Document Hierarchies for RAG in GenAI

A document hierarchy is a powerful way of organizing your data to improve information retrieval. It organizes chunks in a structured manner that allows RAG systems to efficiently retrieve and process relevant, related data. Document hierarchies play a crucial role in the effectiveness of RAG by helping the LLM decide which chunks contain the most relevant data to extract.

Document hierarchies associate chunks with nodes, and organize nodes in parent-child relationships. Each node contains a summary of the information contained within, making it easier for the RAG system to quickly traverse the data and understand which chunks to extract.

Why would you need a document hierarchy if an LLM supposedly is able to understand the words in a document?

Although the LLM can extract relevant chunks of text from a vector database, you can improve the speed and reliability of retrieval by using a document hierarchy as a pre-processing step to locate the most relevant chunks of text. This strategy improves retrieval reliability, speed, repeatability, and can help reduce hallucinations due to chunk extraction issues. Document hierarchies may require domain-specific or problem-specific expertise to construct to ensure the summaries are fully relevant to the task at hand.

Let’s take a use case in the HR space.
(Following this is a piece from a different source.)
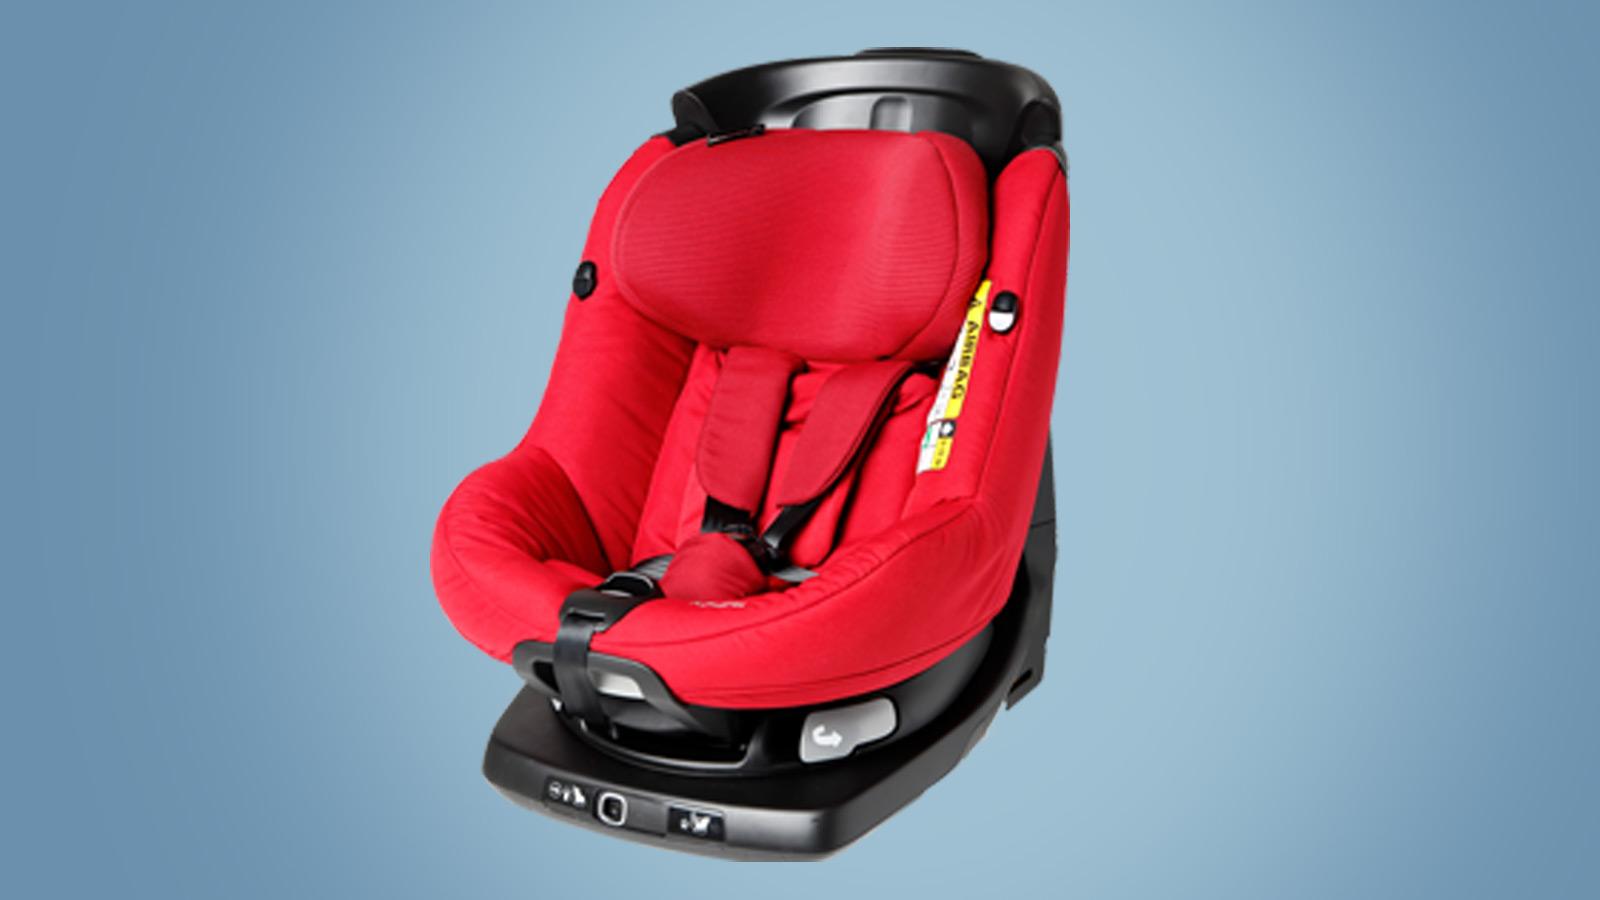 Respondemos a todas as dúvidas sobre os modelos de cadeira auto iSize, destinados a bebés e crianças.

Let’s say that a company has 10 offices and each office has their own country-specific HR policy, but uses the same template to document these policies. As a result, each office’s HR policy document has roughly the same format, but each section would detail country-specific policies for public holidays, healthcare, etc.

In a vector database, every “public holiday” paragraph chunk would look very similar. In this case, a vector query could retrieve a lot of the same, unhelpful data, which can lead to hallucinations. By using a document hierarchy, a RAG system can more reliably answer a question about public holidays for the Chicago office by first searching for documents that are relevant to the Chicago office.

It should become increasingly clear that most of the work that goes into building a RAG system is making sense of unstructured data, and adding additional contextual guardrails that allow the LLM to make more deterministic information extraction.